A sketch-and-AI system lets users turn rough access preferences into complete, validated policies by iteratively specifying, analyzing, and testing them.

A machine-rendered reading of the paper's core claim, the machinery that carries it, and where it could break.

The paper presents Sketch-based Access Control (SBAC), which pairs free-form sketching with multimodal large language models to let ordinary users build access-control policies. A formative study produced three design requirements that shaped a three-stage workflow: users sketch their rules, the system analyzes them for gaps and ambiguities, and users test the resulting policy against concrete scenarios. In an evaluation with 14 participants using their own real-world scenarios, the workflow guided people from vague initial ideas to fuller, clearer policies while surfacing overlooked conditions and confirming behavior through dialogue and simulation.
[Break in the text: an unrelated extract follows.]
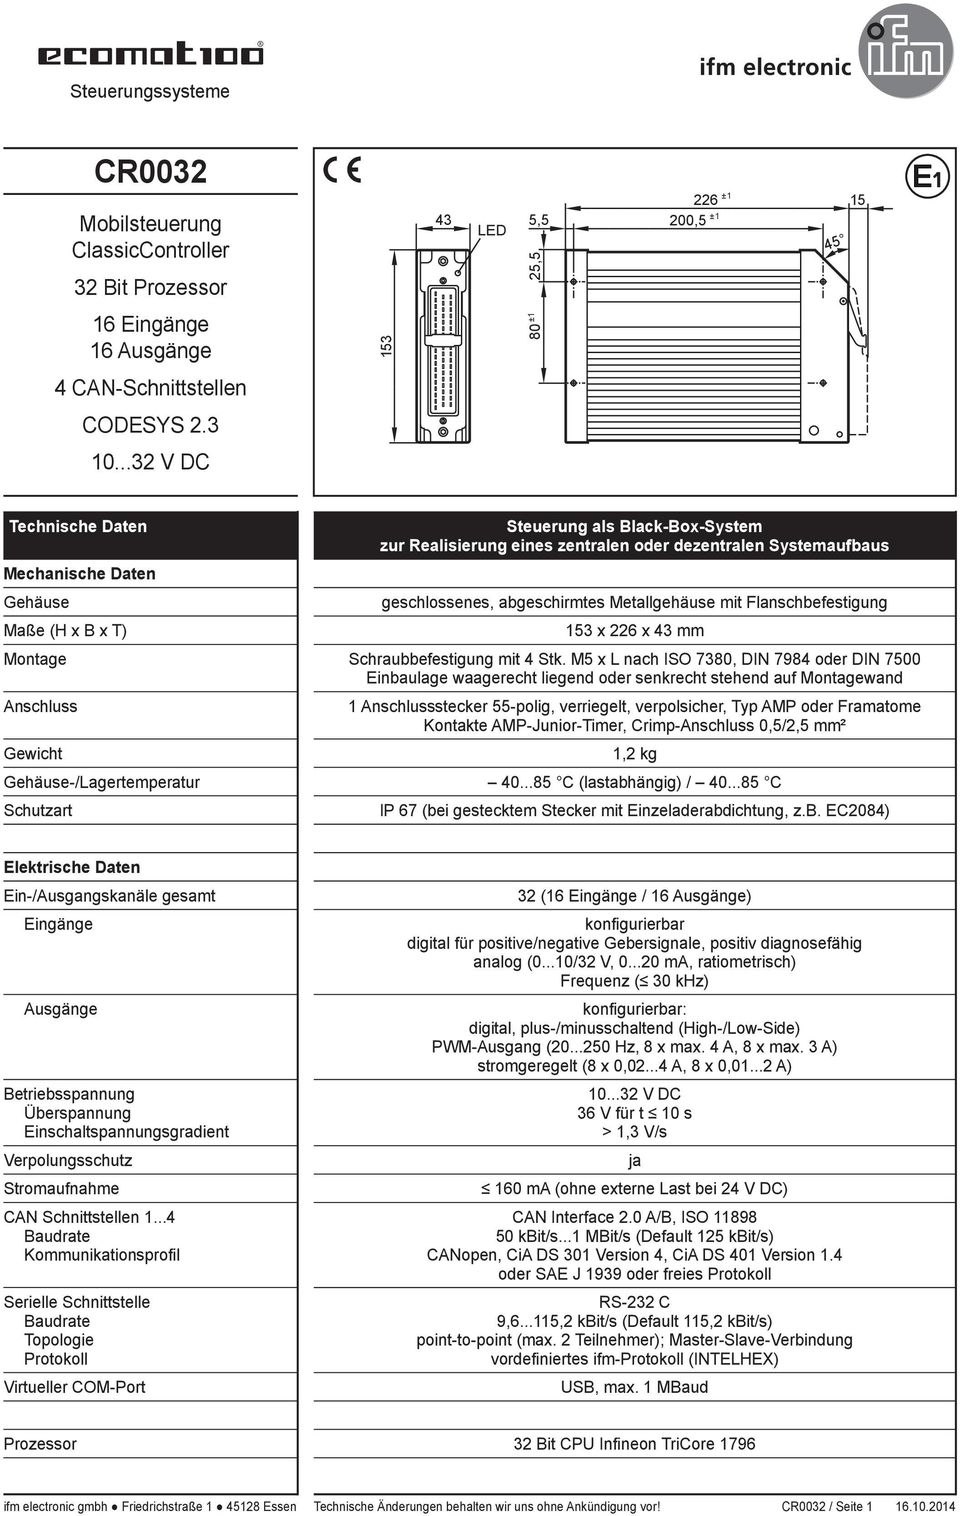 Flanschbefestigung Maße (H x B x T) 153 x 226 x 43 mm Montage chraubbefestigung mit 4 tk.

The central claim is that this human-AI loop reduces the classic difficulty of writing precise yet usable access rules.

Core claim

The SBAC system and its Specify-Analyze-Test workflow enabled participants to progressively refine initially underspecified preferences into more complete and precise policies by surfacing unanticipated gaps, resolving ambiguities through dialogue, and validating policy behavior through concrete scenarios.

What carries the argument

The three-stage human-AI workflow (Specify, Analyze, Test) that maintains and interprets an evolving access-control specification expressed through sketches and natural-language dialogue.

If this is right

  • Users can discover policy gaps they did not anticipate when they began sketching.
  • Dialogue with the system can resolve ambiguities that remain after an initial sketch.
  • Concrete scenario testing allows users to check whether the generated policy behaves as intended.
  • The resulting policies are both more complete and more precise than the starting preferences.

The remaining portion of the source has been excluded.